Walker can be likened to the std Iterator trait. It's methods behave similarly, but it is different in that it takes a reference to some graph as an argument to its "next" method.
Walker method return types (besides the iterators) never borrow the graph. This means that we can still safely mutably borrow from the graph whilst we traverse it.
Associated Types
Required Methods
fn next(&mut self, graph: &G) -> Option<IndexPair<Self::Index>>
Fetch the EdgeIndex and NodeIndex to the next neighbour in our walk through the given
Graph.
Provided Methods
fn next_edge(&mut self, graph: &G) -> Option<EdgeIndex<Self::Index>>
The next edge in our walk for the given Graph.
fn next_node(&mut self, graph: &G) -> Option<NodeIndex<Self::Index>>
The next node in our walk for the given Graph.
fn count(self, graph: &G) -> usize where Self: Sized
Counts all the steps in the entire walk of the given graph.
fn last(self, graph: &G) -> Option<IndexPair<Self::Index>> where Self: Sized
Walks the whole walk until reaching and returning the last edge node pair.

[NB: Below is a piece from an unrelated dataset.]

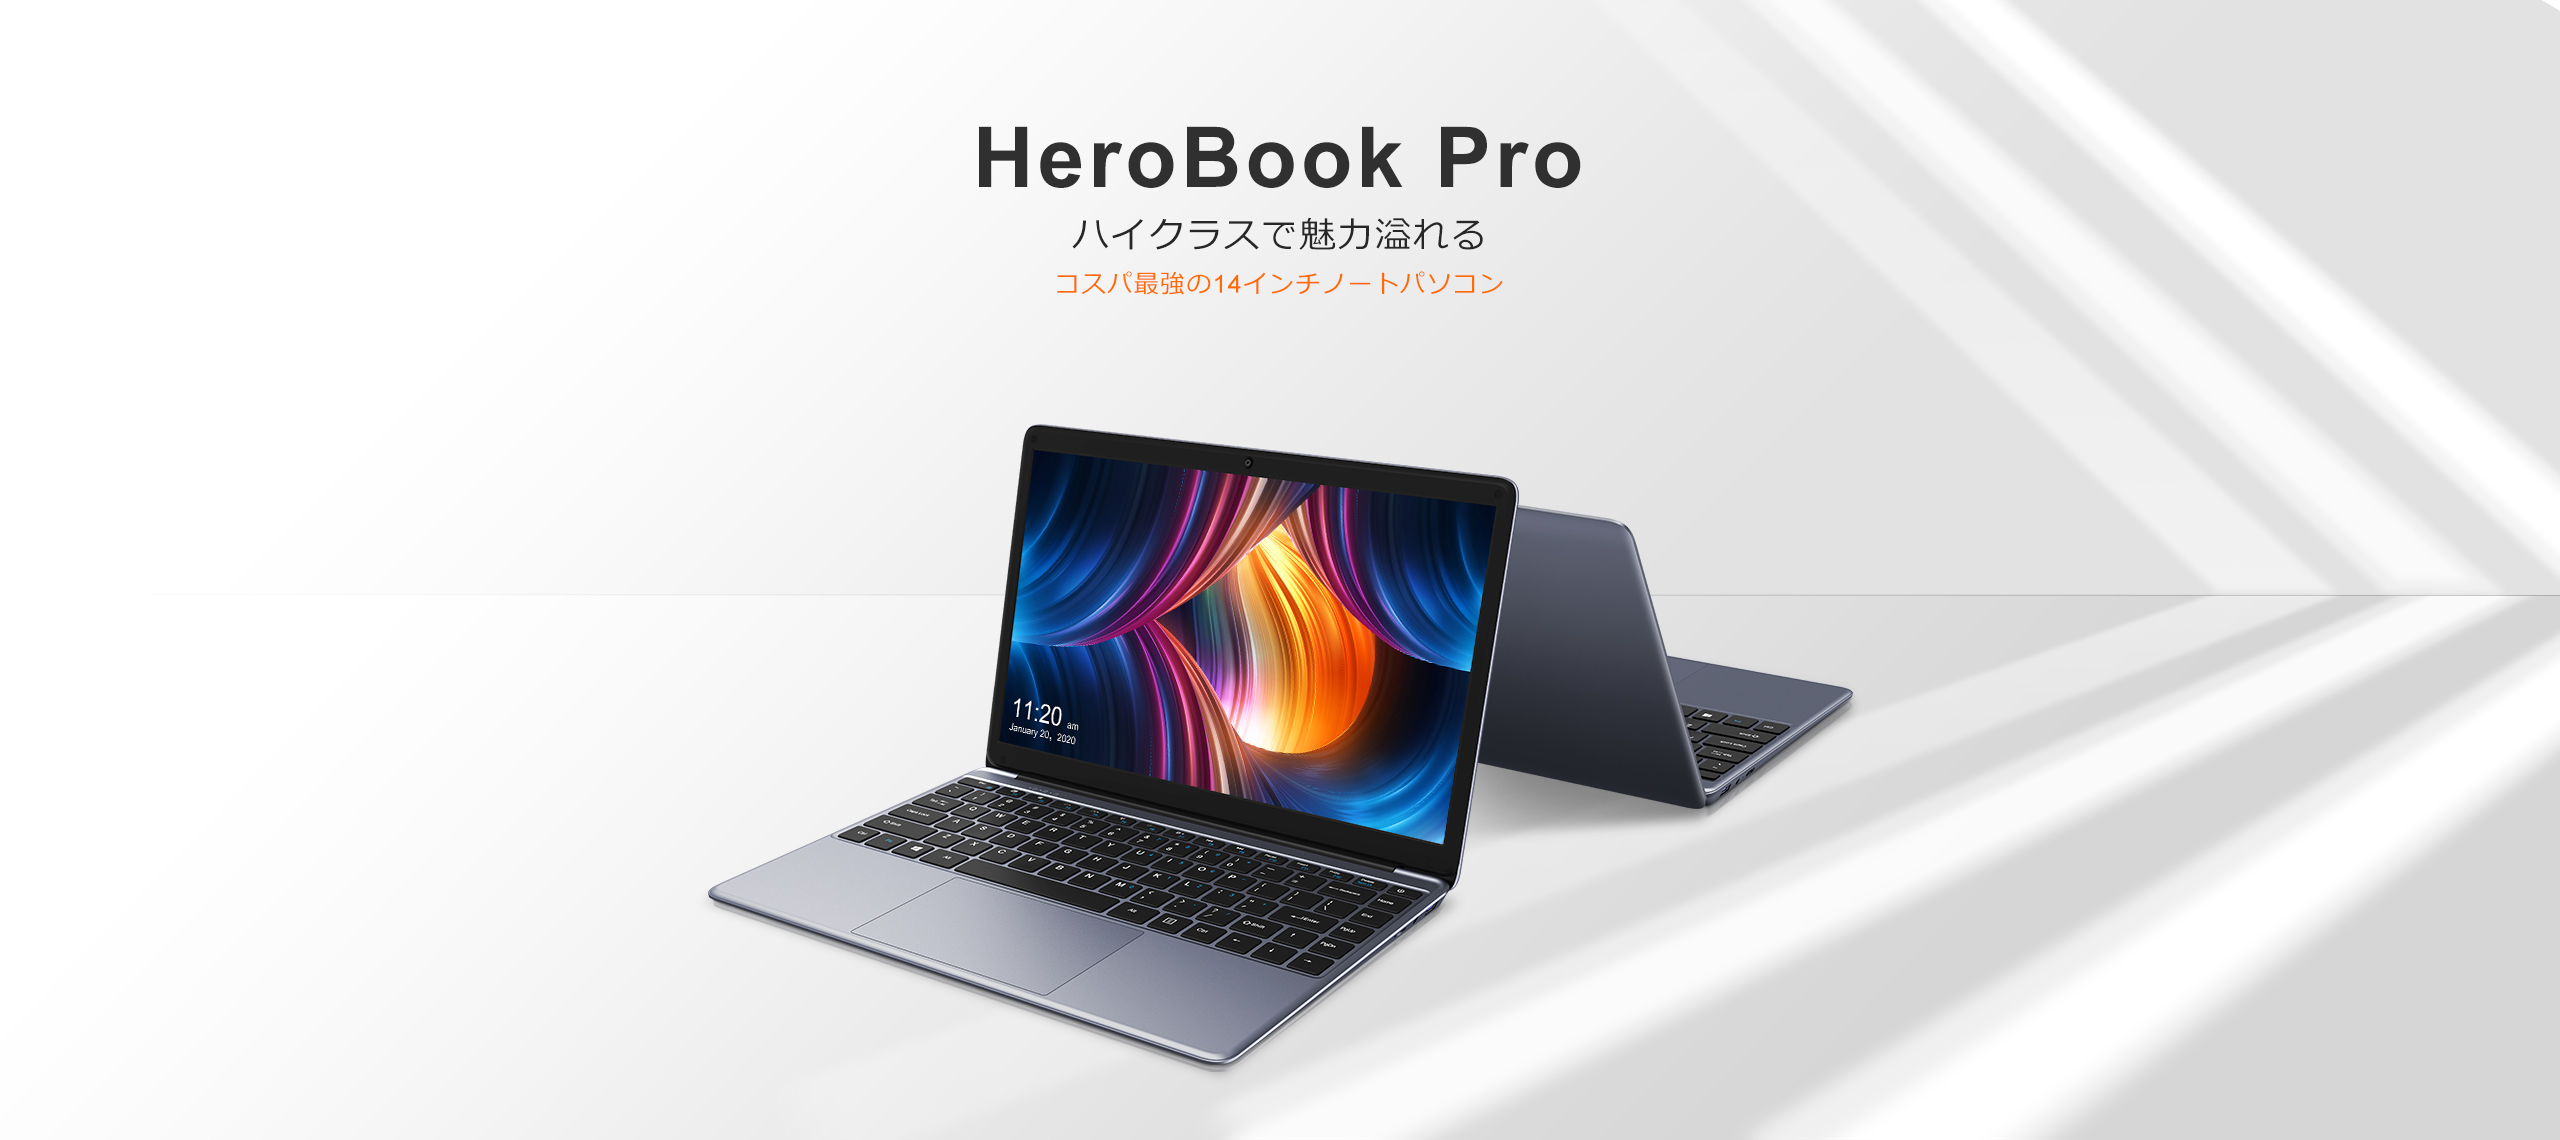 CHUWI HeroBook Proノートパ ソコン 14.1インチノートPC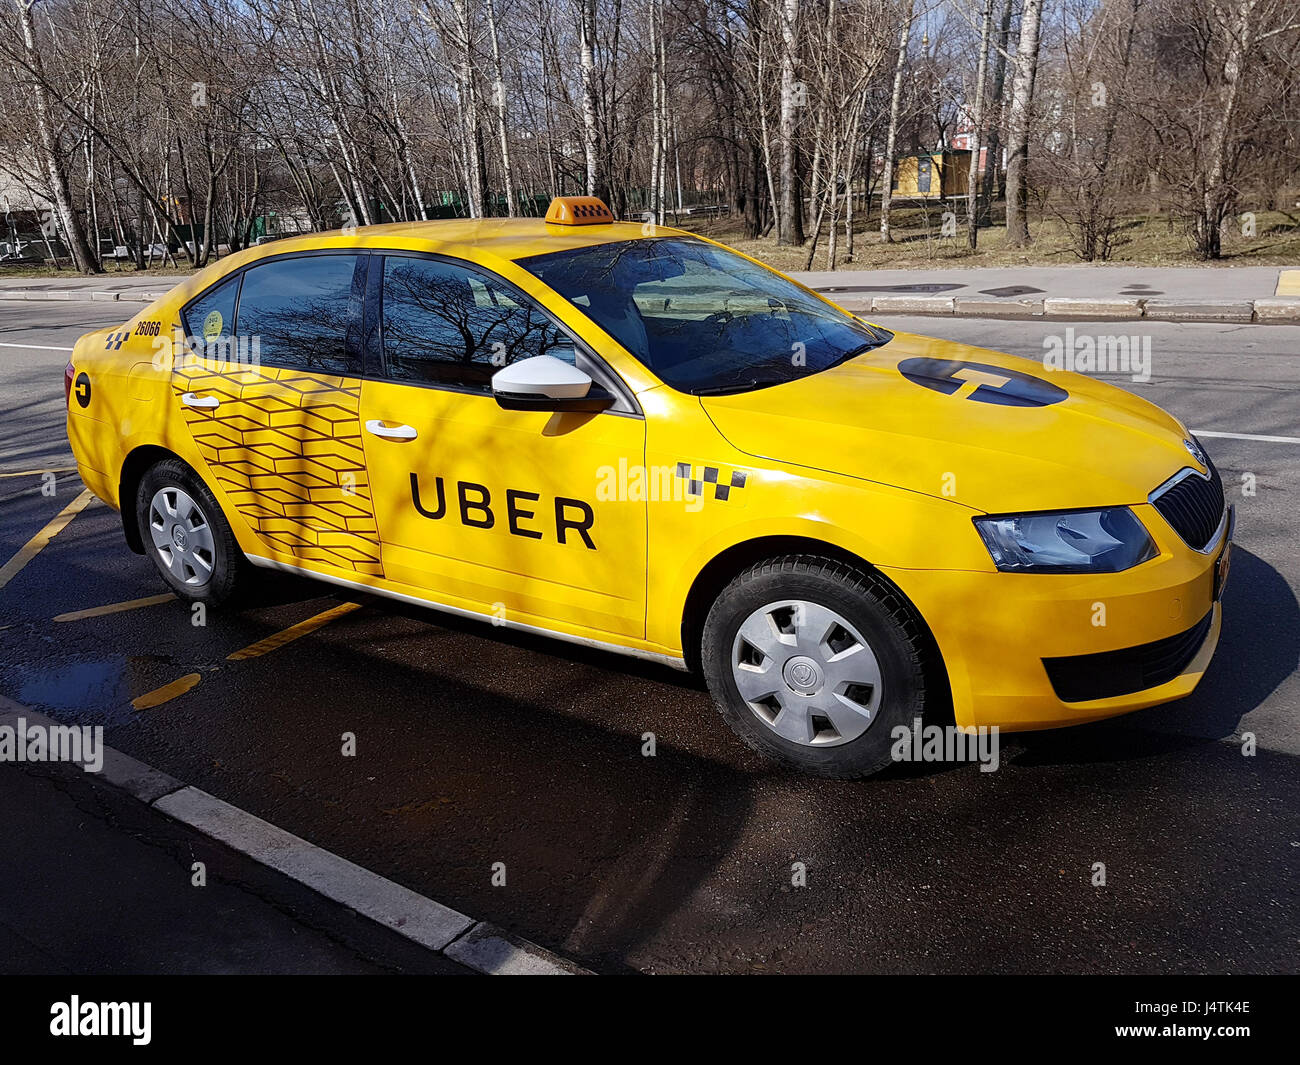 Nuevo taxi amarillo con logotipo Uber Foto de stock

fn last_edge(self, graph: &G) -> Option<EdgeIndex<Self::Index>> where Self: Sized
Walks the whole walk until reaching and returning the last edge.
fn last_node(self, graph: &G) -> Option<NodeIndex<Self::Index>> where Self: Sized
Walks the whole walk until reaching and returning the last node.

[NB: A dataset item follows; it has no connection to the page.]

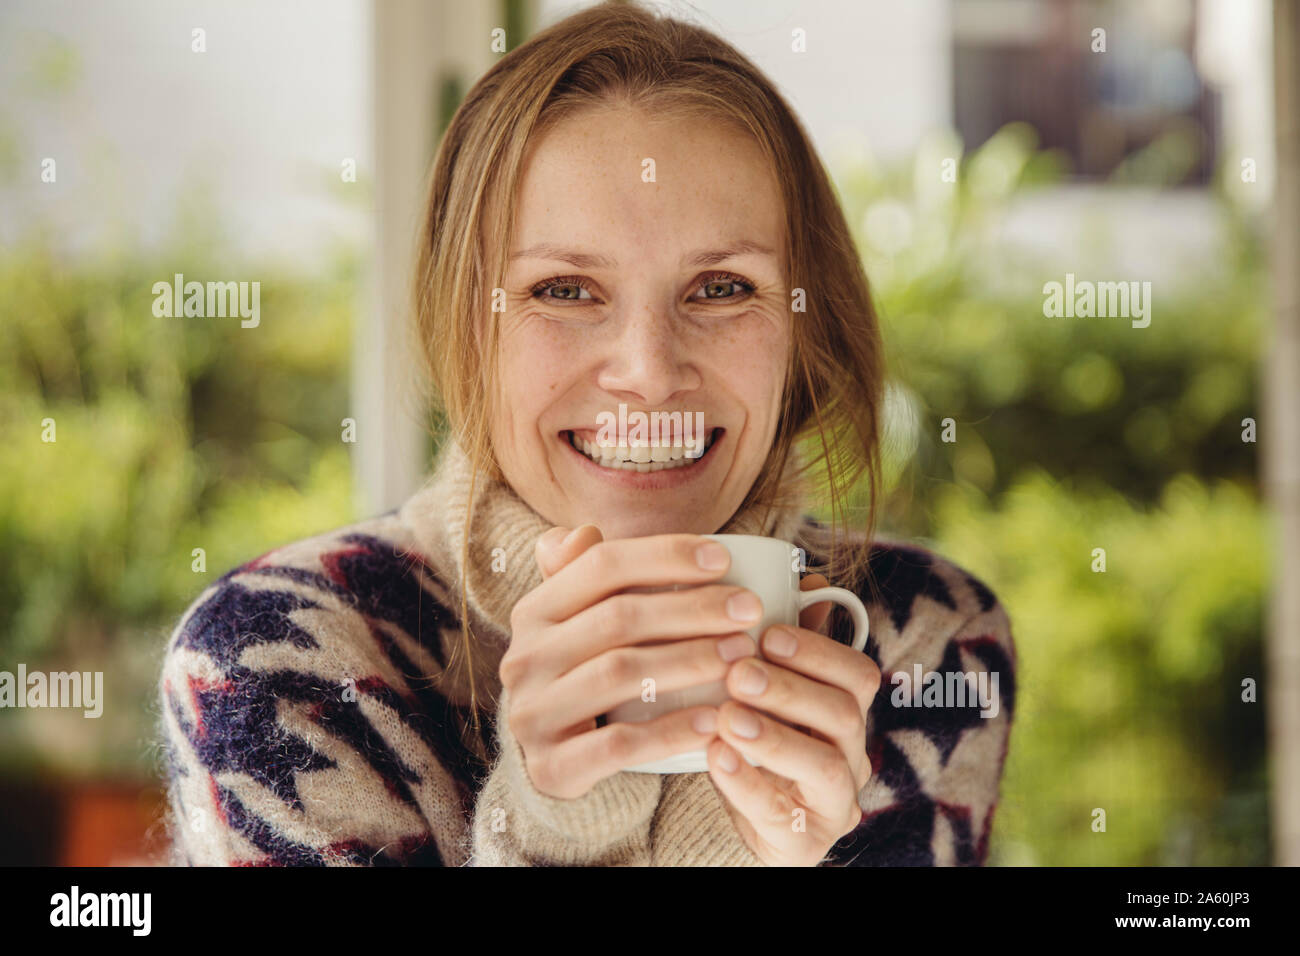 Retrato de mujer sonriente vistiendo un suéter esponjoso sosteniendo una taza Foto de stock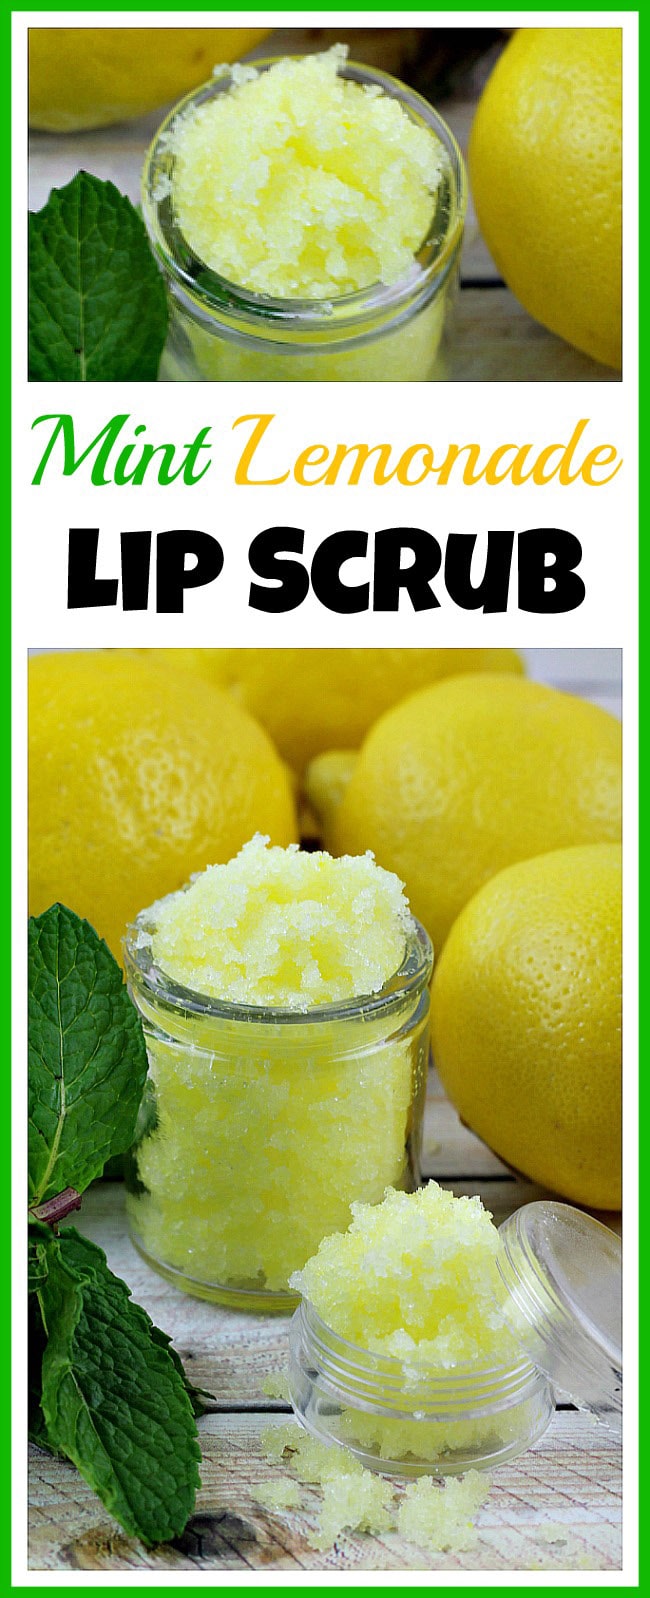 DIY lip scrub

fn nth(self, graph: &G, n: usize) -> Option<IndexPair<Self::Index>> where Self: Sized
Walks "n" number of steps and produces the resulting edge node pair.

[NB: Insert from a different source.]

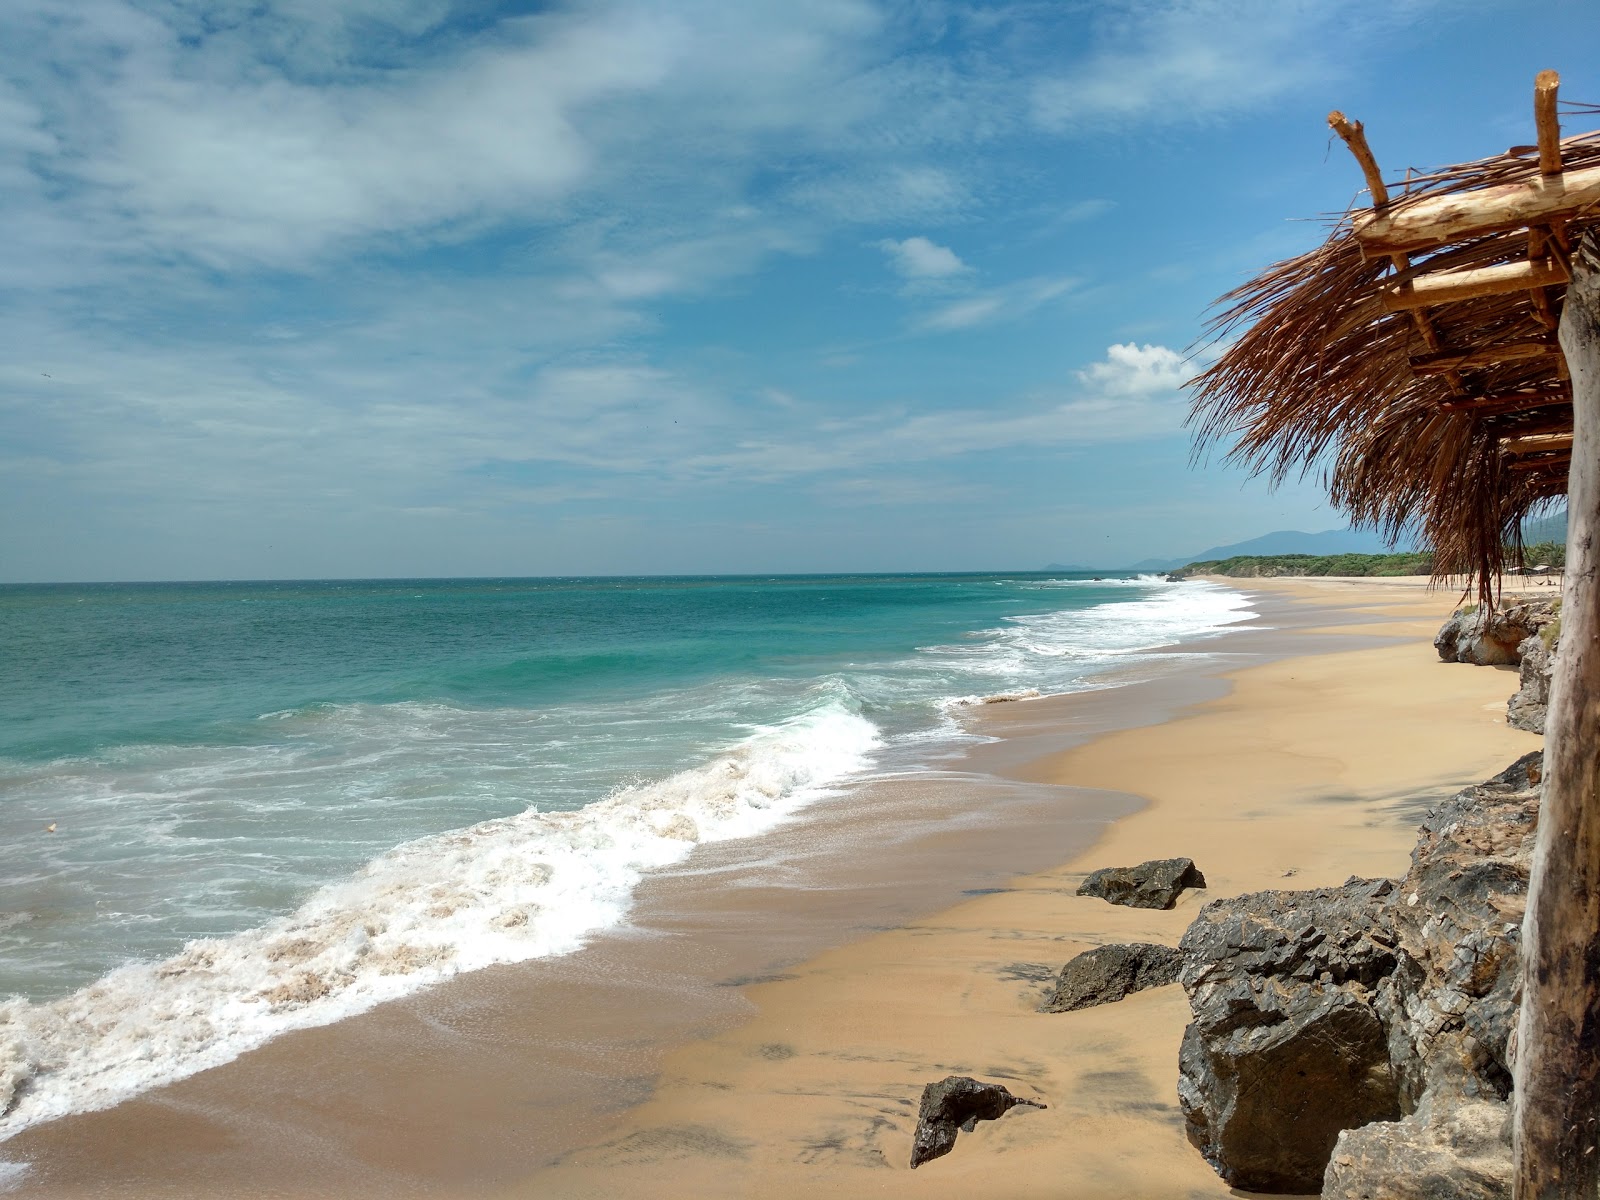 Ixtapilla beach'in fotoğrafı geniş plaj ile birlikte

fn nth_edge(self, graph: &G, n: usize) -> Option<EdgeIndex<Self::Index>> where Self: Sized
Walks "n" number of steps and produces the resulting edge.
fn nth_node(self, graph: &G, n: usize) -> Option<NodeIndex<Self::Index>> where Self: Sized
Walks "n" number of steps and produces the resulting node.
fn chain<O>(self, other: O) -> Chain<G, Self::Index, Self, O> where Self: Sized, O: Walker<G, Index=Self::Index>
Produces a walker that will walk the entirey of self before walking the entirey of other.
fn filter<P>(self, predicate: P) -> Filter<Self, P> where Self: Sized, P: FnMut(&G, EdgeIndex<Self::Index>, NodeIndex<Self::Index>) -> bool
Creates a walker that applies the predicate to each element returned by this walker. The only elements that will be yielded are those that make the predicate evaluate to true.
fn peekable(self) -> Peekable<G, Self::Index, Self> where Self: Sized
Creates a walker that has a .peek(&graph) method that returns an optional next neighbor.
fn skip_while<P>(self, predicate: P) -> SkipWhile<Self, P> where Self: Sized, P: FnMut(&G, EdgeIndex<Self::Index>, NodeIndex<Self::Index>) -> bool
Creates a walker that invokes the predicate on elements until it returns false. Once the predicate returns false, that element and all further elements are yielded.
fn take_while<P>(self, predicate: P) -> TakeWhile<Self, P> where Self: Sized, P: FnMut(&G, EdgeIndex<Self::Index>, NodeIndex<Self::Index>) -> bool
Creates a walker that yields elements so long as the predicate returns true. After the predicate returns false for the first time, no further elements will be yielded.
fn skip(self, n: usize) -> Skip<G, Self::Index, Self> where Self: Sized
Creates a walker that skips the first n steps of this walk, and then yields all further steps.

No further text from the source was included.